What you will do: Retype the line containing "Fabtech 6″ 07-2015" and each later line through the end of the listing, exactly as written, with no other lines.

*** Source data

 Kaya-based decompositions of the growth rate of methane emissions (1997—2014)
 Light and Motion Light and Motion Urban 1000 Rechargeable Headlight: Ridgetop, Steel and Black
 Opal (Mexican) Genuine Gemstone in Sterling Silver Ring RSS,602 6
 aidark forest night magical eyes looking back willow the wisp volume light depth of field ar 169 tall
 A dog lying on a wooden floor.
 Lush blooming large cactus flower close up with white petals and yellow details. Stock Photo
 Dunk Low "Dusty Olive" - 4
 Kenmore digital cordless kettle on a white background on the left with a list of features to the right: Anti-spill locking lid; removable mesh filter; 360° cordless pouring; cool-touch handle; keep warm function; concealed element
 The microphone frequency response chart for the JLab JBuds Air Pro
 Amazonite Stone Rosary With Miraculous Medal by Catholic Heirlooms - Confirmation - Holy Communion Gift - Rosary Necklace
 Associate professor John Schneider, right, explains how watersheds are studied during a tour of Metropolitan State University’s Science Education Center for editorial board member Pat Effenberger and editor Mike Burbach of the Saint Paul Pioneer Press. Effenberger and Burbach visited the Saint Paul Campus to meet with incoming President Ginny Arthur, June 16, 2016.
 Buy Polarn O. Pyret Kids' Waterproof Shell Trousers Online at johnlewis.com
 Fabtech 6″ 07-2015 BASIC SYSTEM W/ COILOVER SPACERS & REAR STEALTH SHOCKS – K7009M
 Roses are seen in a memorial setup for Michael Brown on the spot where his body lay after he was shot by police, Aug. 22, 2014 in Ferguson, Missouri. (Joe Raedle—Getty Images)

******

Answer area:
 Fabtech 6″ 07-2015 BASIC SYSTEM W/ COILOVER SPACERS & REAR STEALTH SHOCKS – K7009M
 Roses are seen in a memorial setup for Michael Brown on the spot where his body lay after he was shot by police, Aug. 22, 2014 in Ferguson, Missouri. (Joe Raedle—Getty Images)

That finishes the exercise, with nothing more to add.